The scheduler implements the following usage limits:
|Limit||During Business Hours*||During Off Hours|
|Maximum Runtime per Job||5 hours||5 hours|
|Maximum Nodes used per User||512||1024|
(*Business Hours: 9am – 5pm Eastern Time, Monday – Friday.)
After enforcing the above limits, the scheduler prioritizes the runnable jobs and runs the highest priority one if the necessary resources are available. If the necessary resources are not yet available the scheduler uses a backfilling strategy to run lower priority, short duration jobs on any available resources as long as doing so will not delay the starting of the highest priority job.
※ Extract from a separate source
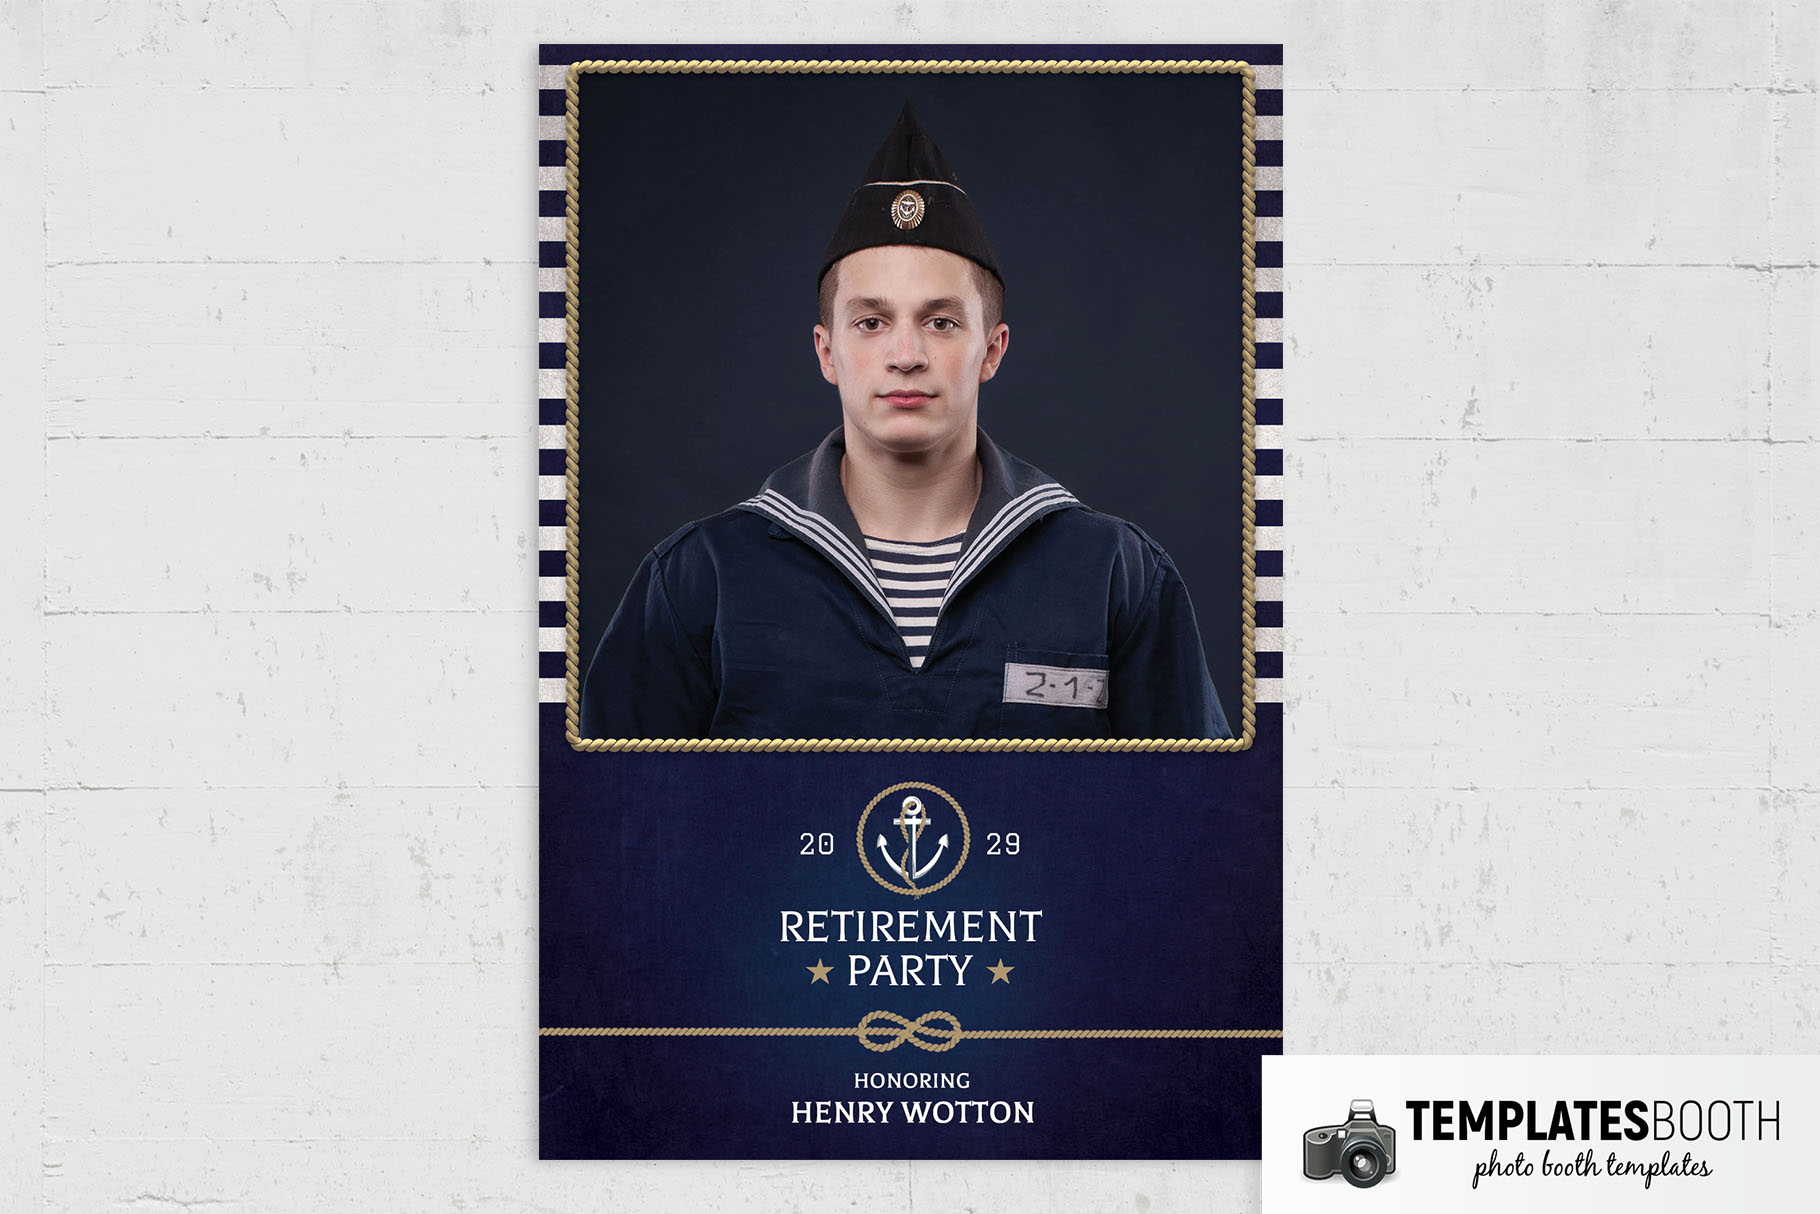 Navy Sailor Photo Booth Template

The primary ordering criterion used to prioritize jobs is the amount of recent runtime accumulated by the user. This quantity is displayed by the qstat command under the SYSPRI column as a negative value. Jobs with the same SYSPRI are ordered by submission time. Finally, a user can alter the relative ordering of their own jobs with the llprio command. This command modifies the “user priority” which is displayed in the PRI column of the llq and qstat commands. The qstat command lists the waiting jobs in the above described scheduling order.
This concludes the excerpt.